** TASK INSTRUCTIONS **
Write the listing out again word for word. Pictures do not belong in the copy.

** Opening RECORDED DATA block **

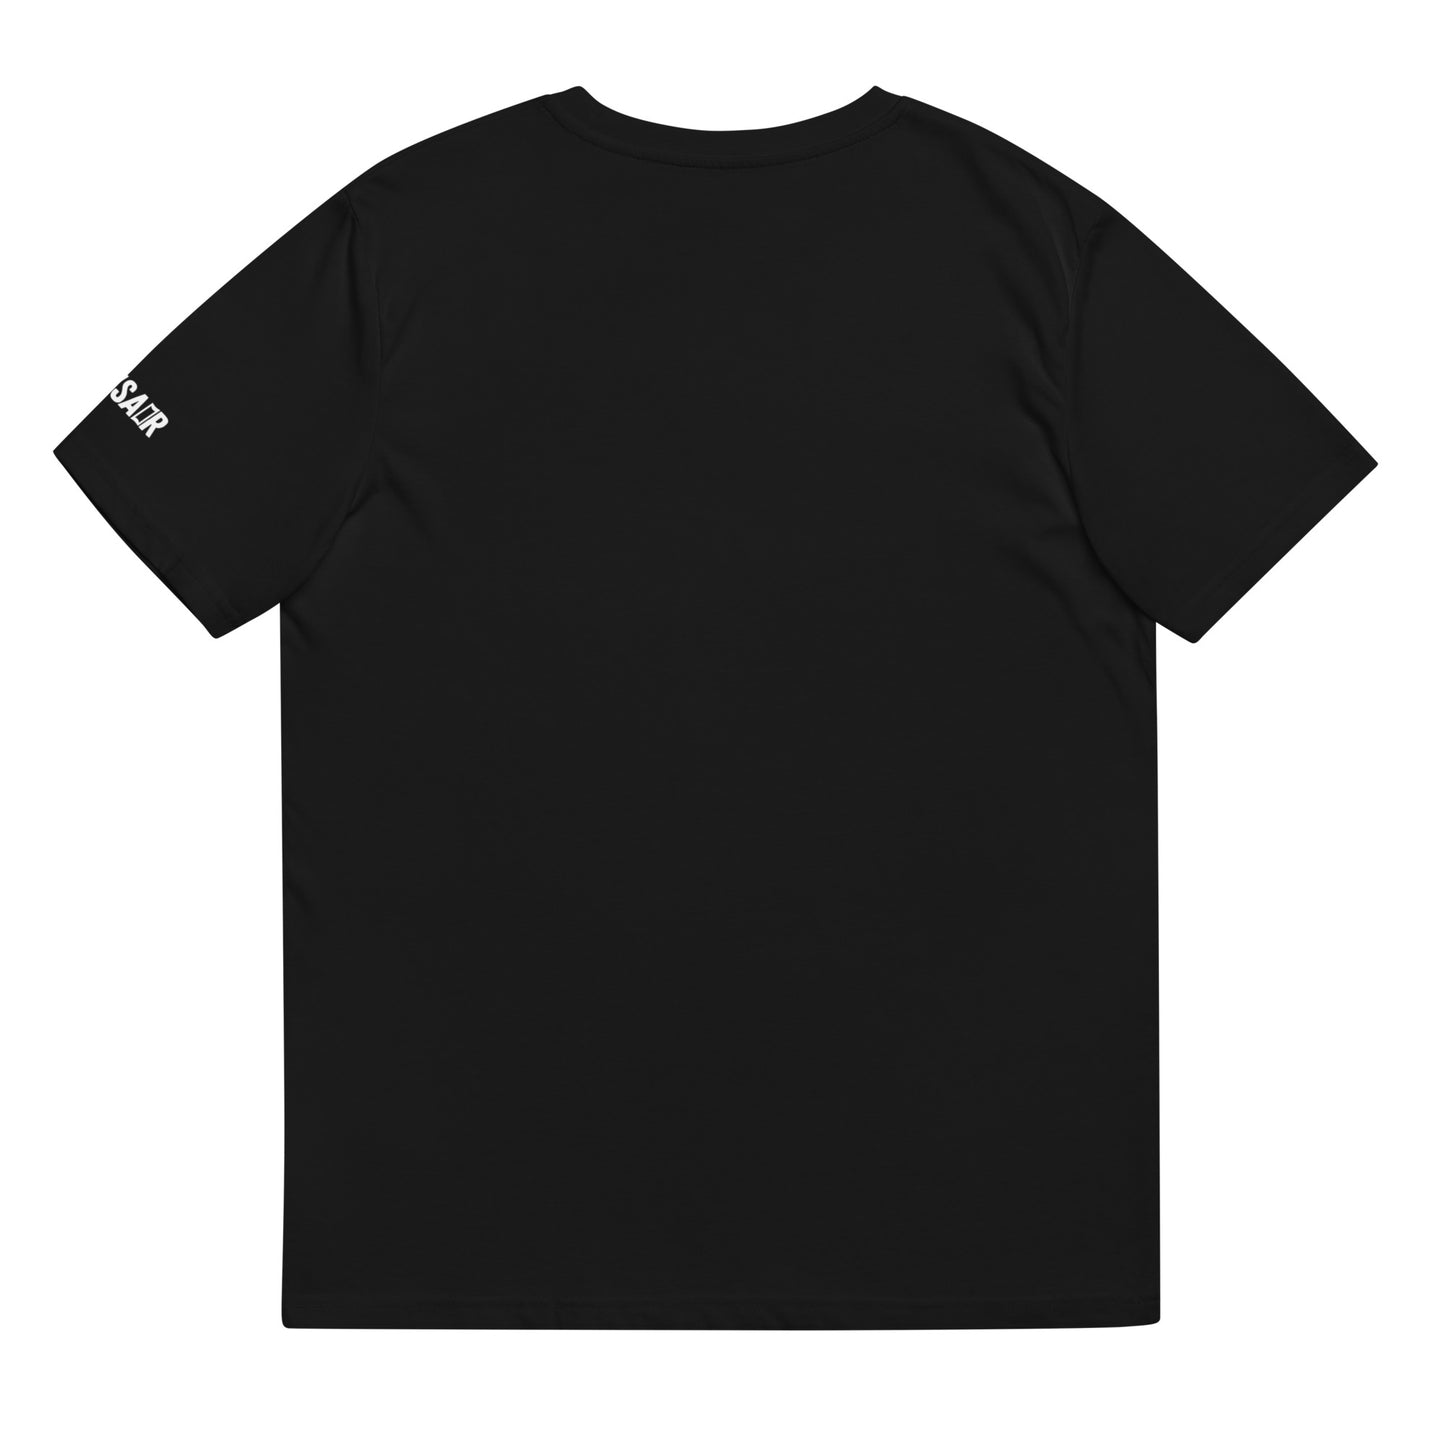 Definition of Snus T-Shirt
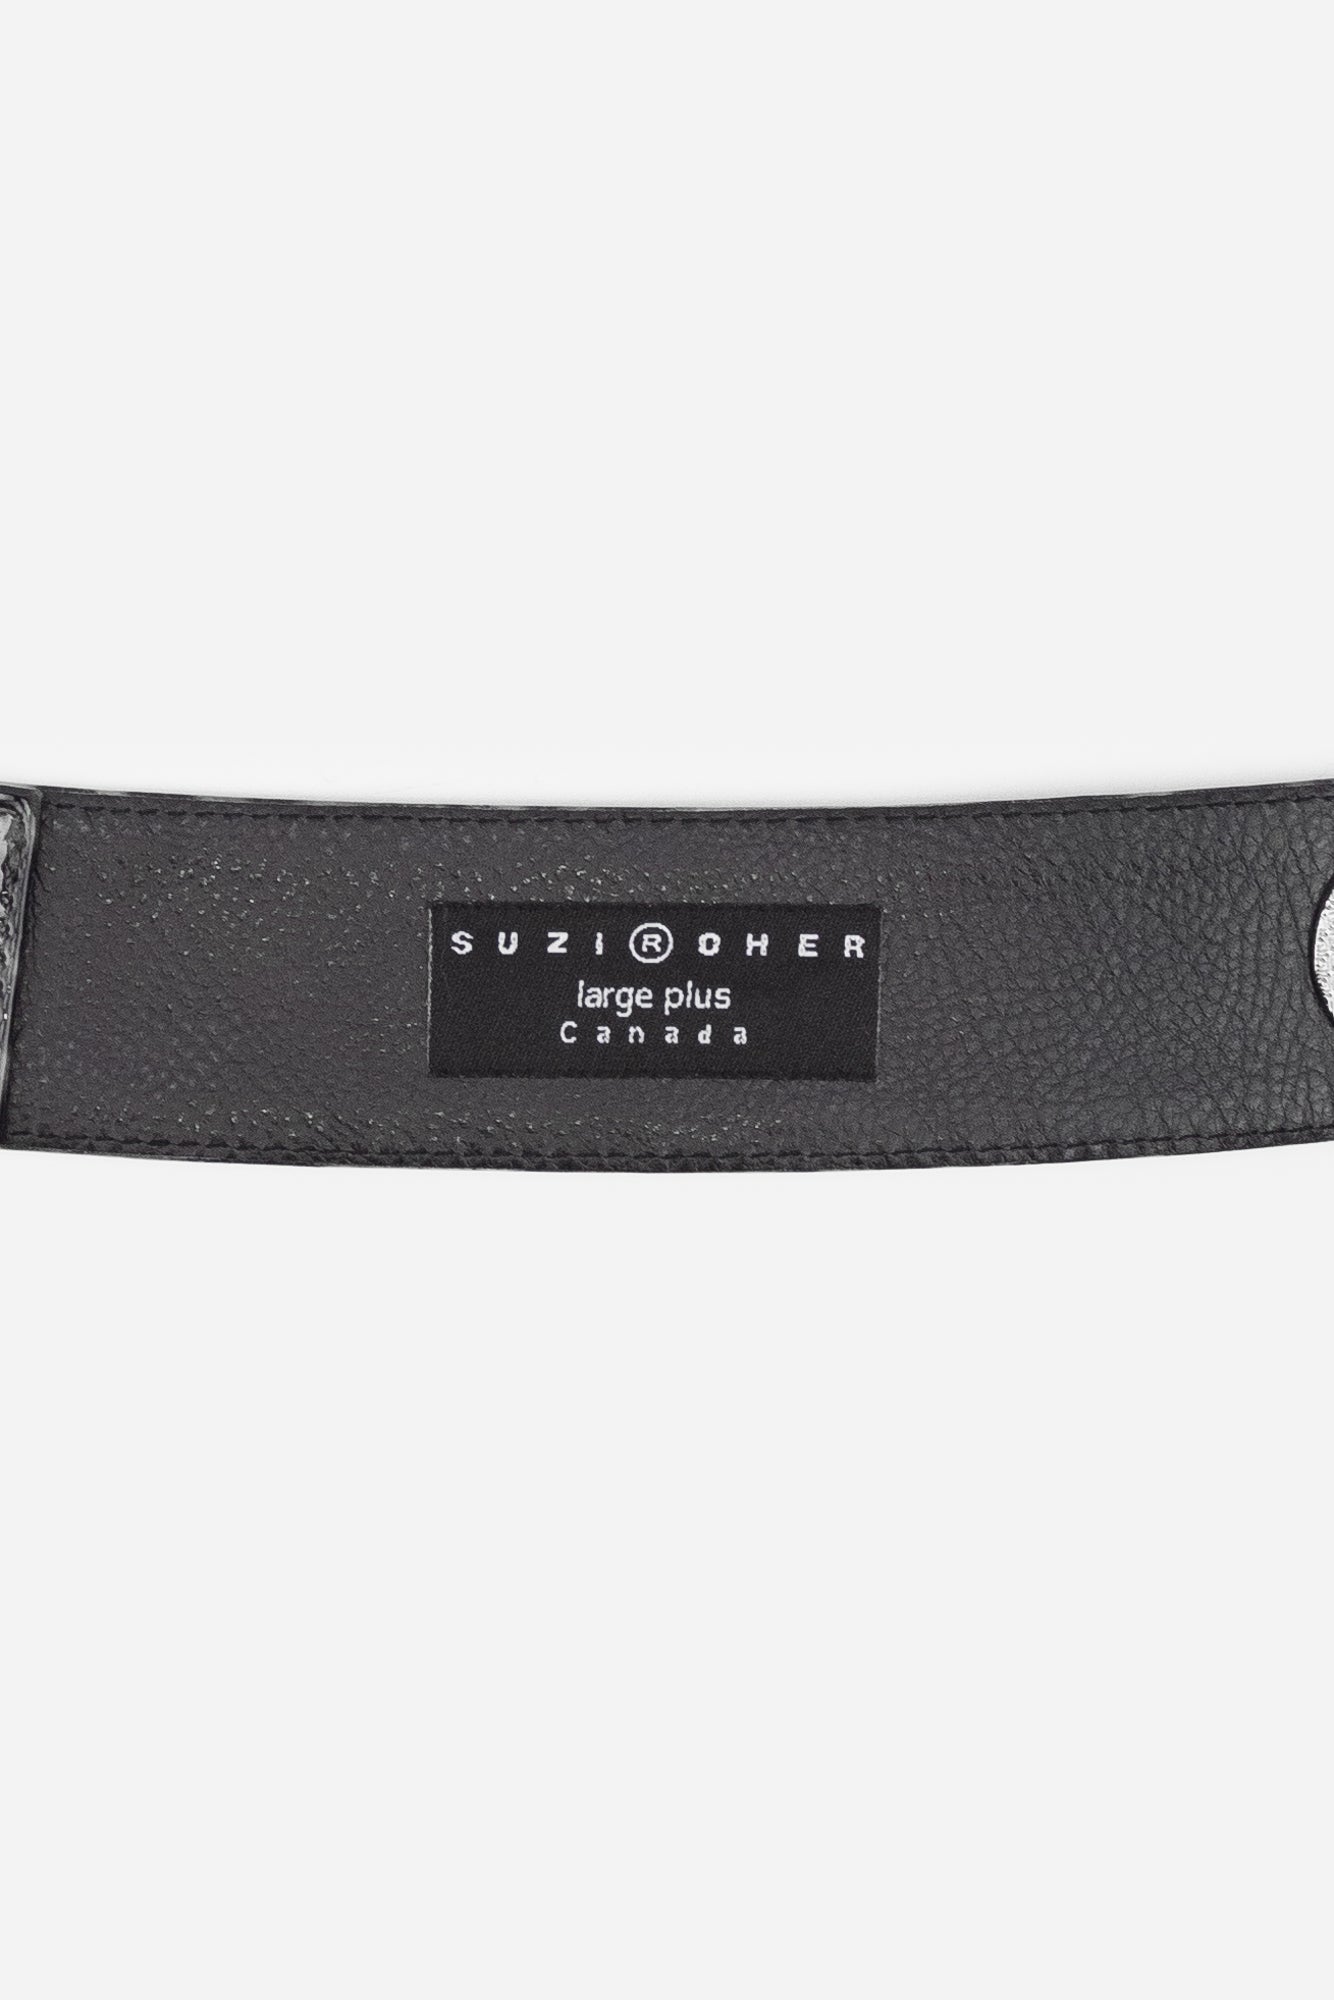 Grey Leopard Print Patent Leather Adjustable Belt
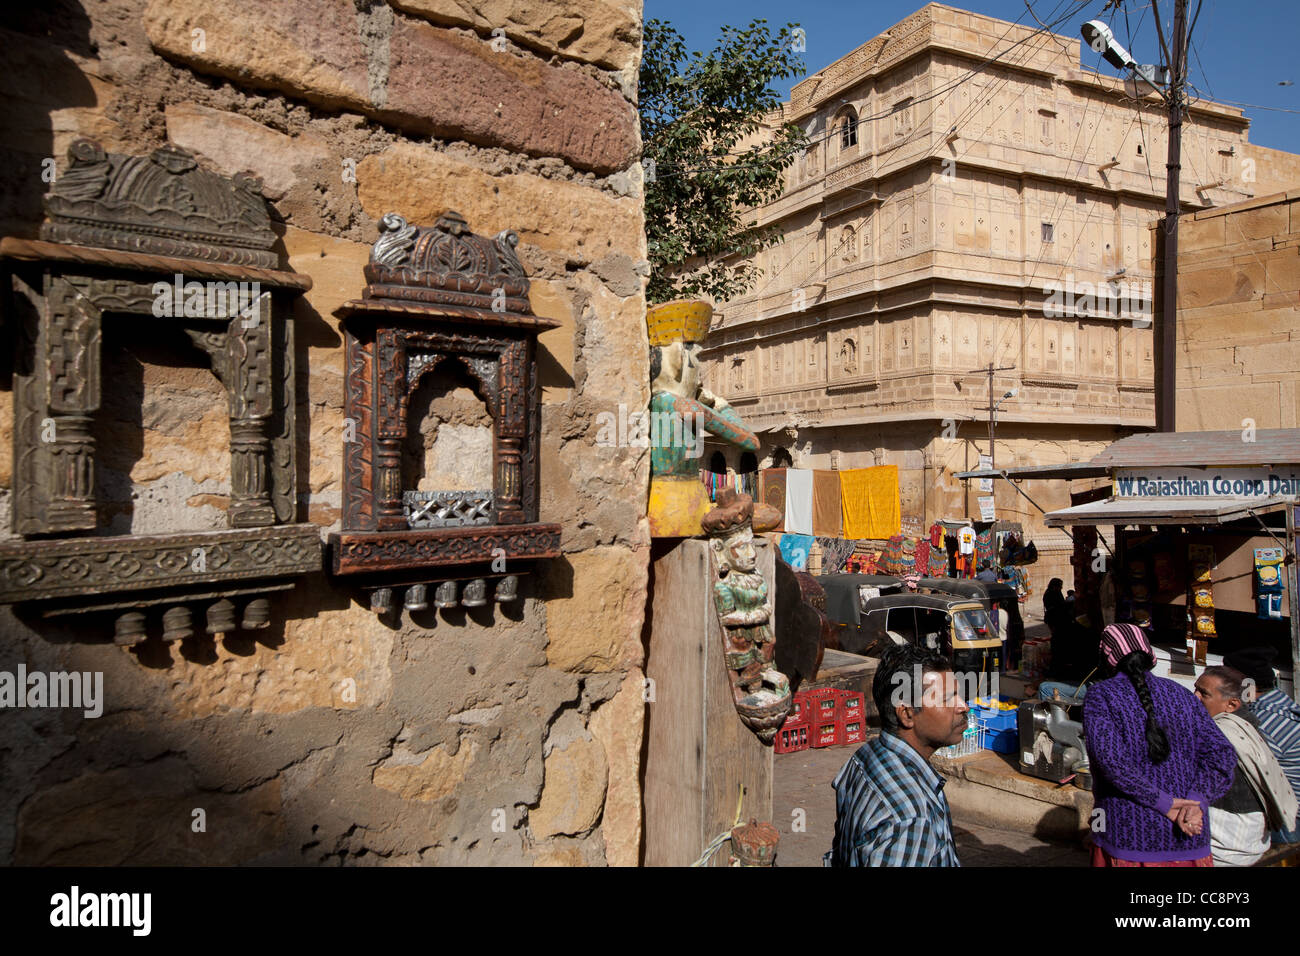 Le Fort Palace et Dashera Chowk, dans Fort de Jaisalmer, dans le Rajasthan, Inde Banque D'Images
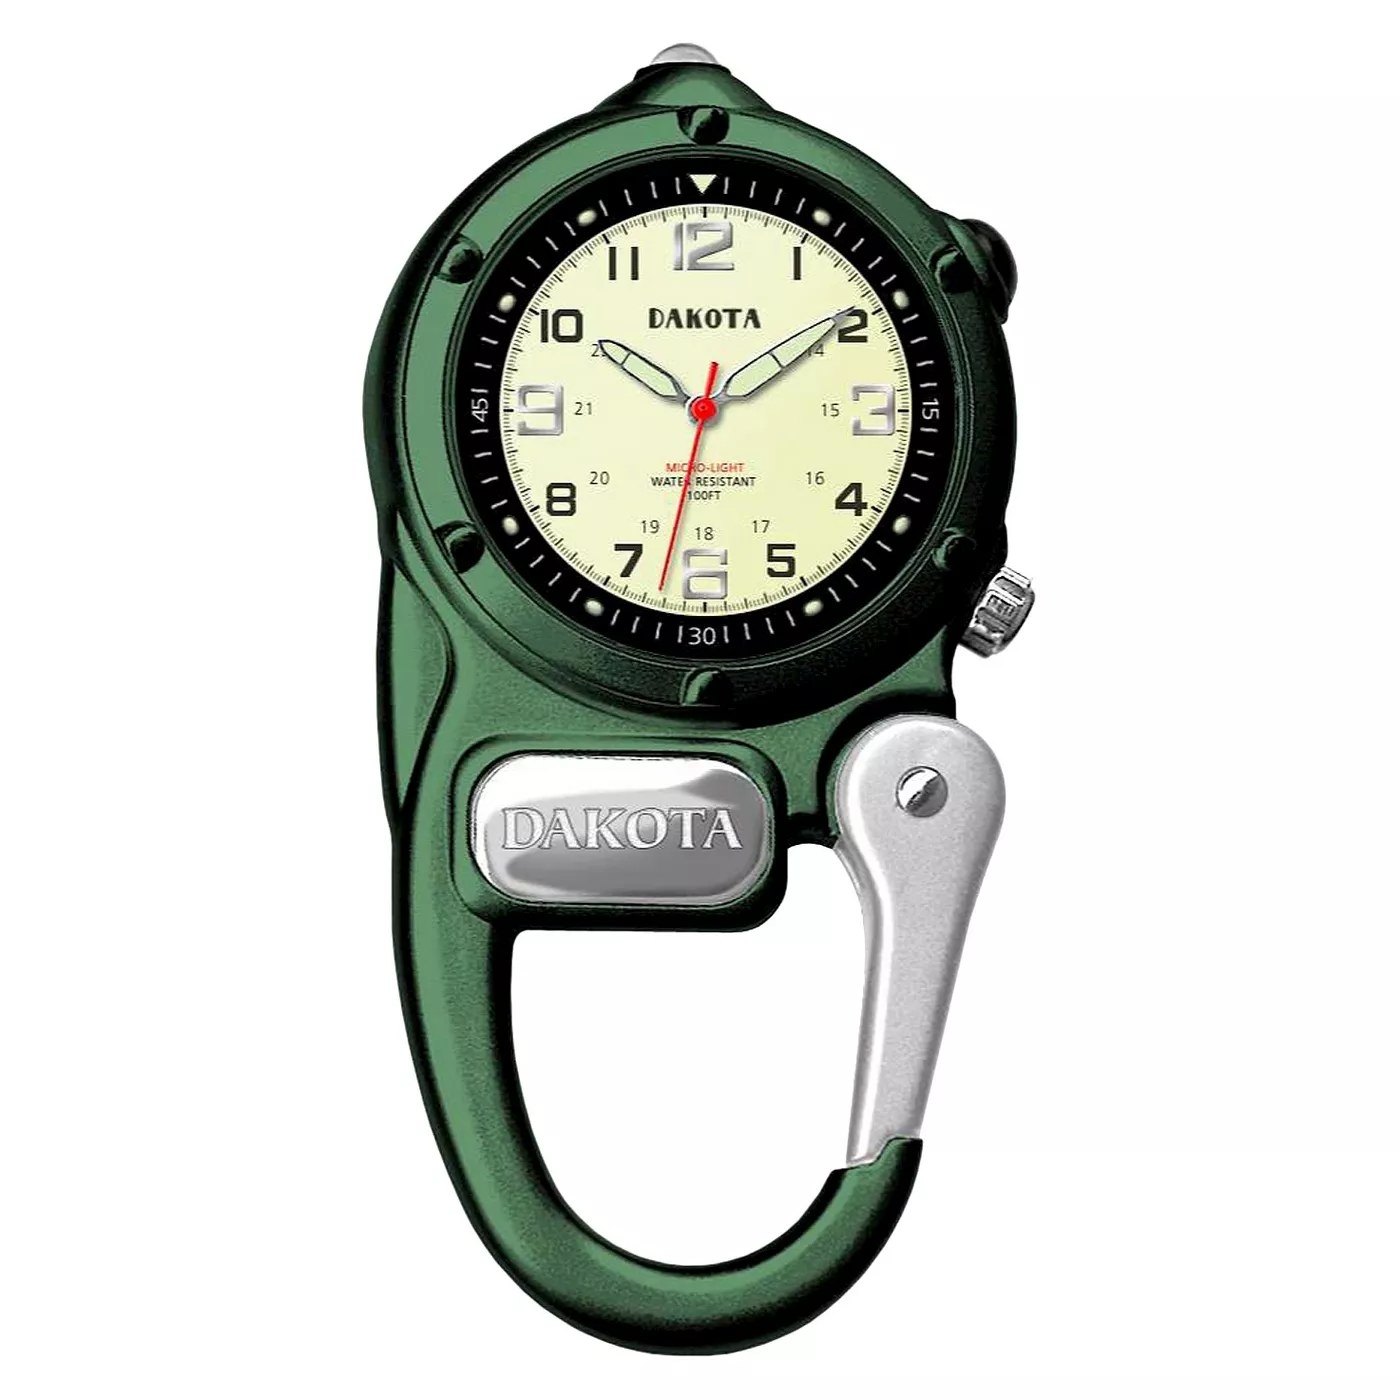 The green mini clip microlight watch

** Closing RECORDED DATA block **

** EXERCISE ANSWER **
 Definition of Snus T-Shirt
 Grey Leopard Print Patent Leather Adjustable Belt
 Le Fort Palace et Dashera Chowk, dans Fort de Jaisalmer, dans le Rajasthan, Inde Banque D'Images
 The green mini clip microlight watch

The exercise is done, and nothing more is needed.